Based on previous research and the current findings that the TSS portal exhibits an immediate response to a snowmelt period, as shown in Figure 5, the evidence supporting the infiltration of Wilisch Creek into the gallery was compelling. To confirm this hypothesis, in August 2023, we accessed the TSS gallery at its portal and traveled up to the Gesenk 2. Sohle to conduct sampling of the visible infiltrating waters into the gallery.
During this exploration, we observed and collected samples at six infiltration points with varying flow rates, primarily located within the first 500 m from the portal. The first two infiltration points were discovered approximately 5 m from the aboveground-flowing Wilisch Creek. The chemical analysis of these two infiltration points undeniably confirmed the seepage of Wilisch water into the gallery, providing an explanation for the challenges in interpreting the gallery discharges and understanding the dynamics of As and Fe at the portal.
The Figure 11 provides an overview of the sampled infiltrated waters, Gesenk 2. Sohle, Wilisch, and TSS water on the day of sampling.
Infiltration of other water streams into the TSS gallery cannot be ruled out, as the combined water flux at Gesenk 2. Sohle and the infiltrating waters accounts for only approximately 40% of the total water flux at the portal. Other infiltration points may have gone unnoticed, particularly if they occur below the water level in the gallery.
Only two of the infiltrating waters are relatable to Wilisch water. The others exhibit higher As and Fe concentrations. Moreover, their physical proximity to the riverbed of Wilisch Creek is not established. Therefore, the other infiltrating waters are of a different source, possibly historic mining workings, which may not be well documented or understood. Another plausible explanation could be fault structures penetrating the course of TSS, allowing meteoric and surface waters to seep into the gallery and contribute to additional As and Fe contamination as they pass through As-containing layers or sulfidic mineralizations along the fault structures.

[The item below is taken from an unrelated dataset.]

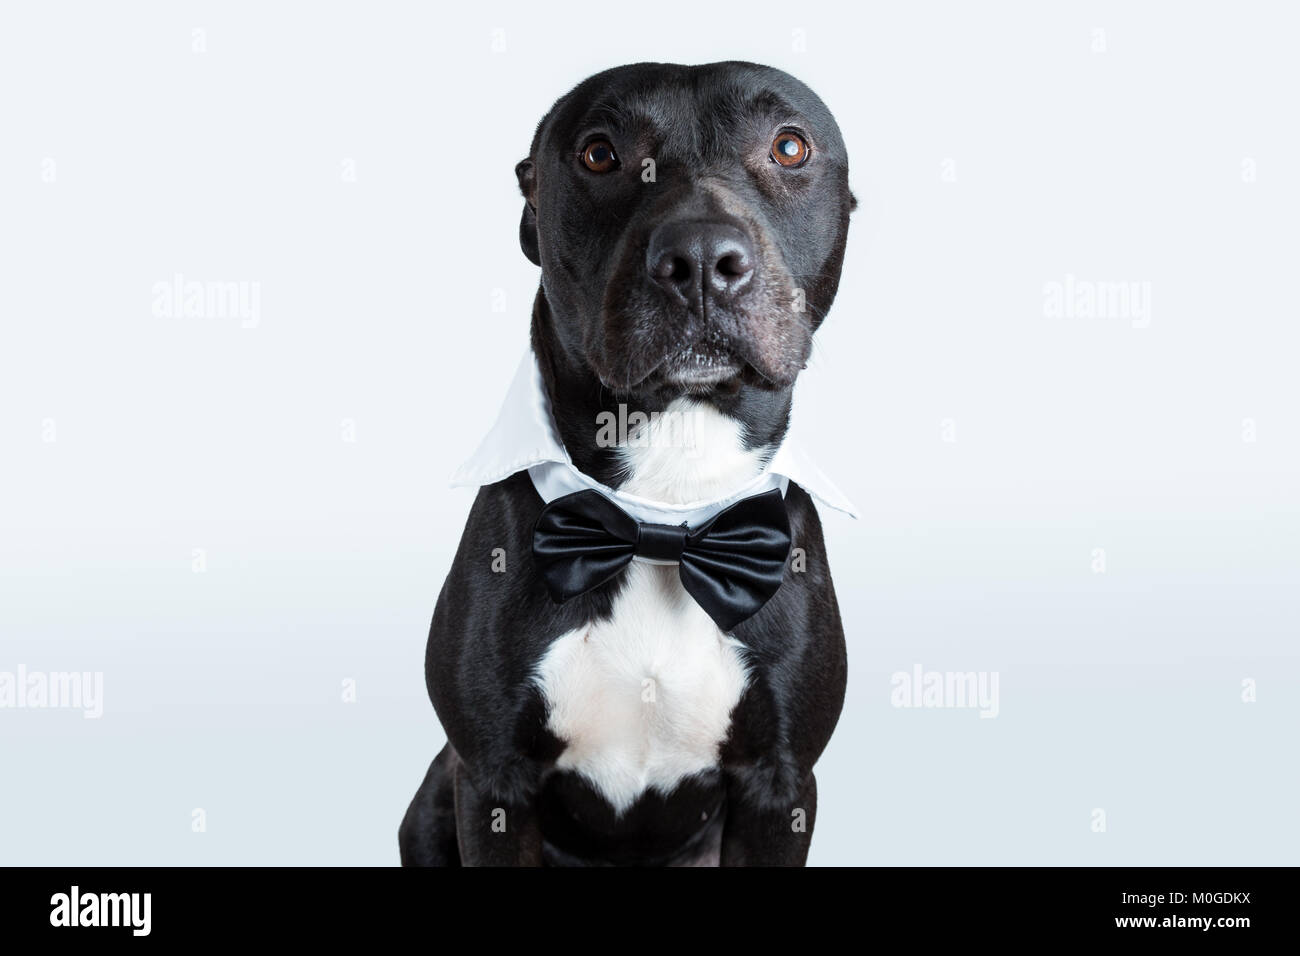 An american pitbull terrier wearing a bow tie collar in a ligth gray background looking at camera. Stock Photo

4.2. Climatic Water Balance and the Mine System Rigole 28-Gesenk 2. Sohle-TSS Gallery

The analysis of climatic water balance, alongside other relevant parameters, proves to be a valuable tool for understanding the hydrological behavior at our site. Despite a relatively small data pool, we gained a better grasp of the hydrological processes.
An illustration of the impact of precipitation and overall climate on the quality of groundwater and surface water is evident in the literature. For instance, in Bangladesh’s coastal rivers and estuaries, there is a notable increase in the salinity of both groundwater and surface water during the post-monsoon season [35].
Related research suggests that pedogenic processes support the accumulation of arsenic in shallow groundwater during groundwater replenishment via soil interaction with irrigation and rainfall [36].
Understanding local weather conditions is crucial for accurately interpreting chemical data for both ground- and mine waters.
Since the initiation of measuring campaigns at the Ehrenfriedersdorf sites, the concentrations of arsenic (As), heavy metals, and sulfate in the tailing outflow Rigole 28 appeared to be increasing, raising concerns about the integrity of the tailing ponds. The absence of past monitoring for discharge flow rate prompted us to initiate data collection independently. Analysis of climatic water balances, As, Fe, and electrical conductivity in Rigole 28 revealed that concentrations in the discharge increase after periods of low or negative CWBs. This observation helped explain the initial alarming trend since the samplings were conducted mostly in low-precipitation periods. Additionally, Fe and As concentrations showed a correlated trend, and an increased concentration of As and Fe led to a larger difference between the total and dissolved (smaller than 0.45 µm) portions. Evidently, longer retention time within the tailing body during low or negative CWBs favors Fe oxidation and As adsorption onto Fe hydroxides.
This tailing discharge undergoes in-situ Fe and As oxidation when introduced into the flooded mine body and may reoccur at Gesenk 2. Sohle, representing the ascending mine waters from deeper levels of the mine. Tracer tests in the past could not definitively explain the overall underground flow conditions [23].
However, upon comparing the arsenic throughput in Rigole 28 with that of Gesenk 2. Sohle, we observe that the arsenic concentration at Gesenk 2. Sohle is either lower or comparable to that of the tailing outflow. This implies that arsenic from Rigole 28 settles partially or entirely within the flooded body. Conversely, the iron throughput at Gesenk 2. Sohle is greater than that in the tailing outflow. Similarly, when comparing Gesenk 2. Sohle with the TSS portal, we find that the arsenic from the flooded mine body constitutes only a minor portion of the total arsenic flowing through the portal, further indicating that the majority of arsenic input occurs within the TSS gallery.
When we look at the distribution between dissolved and colloidal species, the dissolved (<0.45 µm) As and Fe at Gesenk 2 Sohle exhibit a nearly constant trend, while the colloidal portion shows noticeable fluctuations. A local maximum in Fe and As concentrations on 1 August 2023, at Rigole 28, is observed about a month later, on August 29, at Gesenk 2. Sohle. More frequent, ideally daily, measurements would be necessary for precise confirmation.
Similarly, a local maximum in Fe concentrations was recorded at the portal of the TSS gallery on 29 August 2023, which was expected due to its direct connection. Figure 12 provides a look at all measuring points simultaneously:
The As course at the portal indicates its “external” origin, as it differs significantly from the As trend at Gesenk 2. Sohle. Building on evidence from the previous section, we have demonstrated that the mine water at the TSS portal is influenced by infiltrating water from the neighboring Wilisch Creek and presumably historical mining sites. This external influence on the mine water at the portal is also suggested by the non-correlative pattern observed in CWBs and flow rates.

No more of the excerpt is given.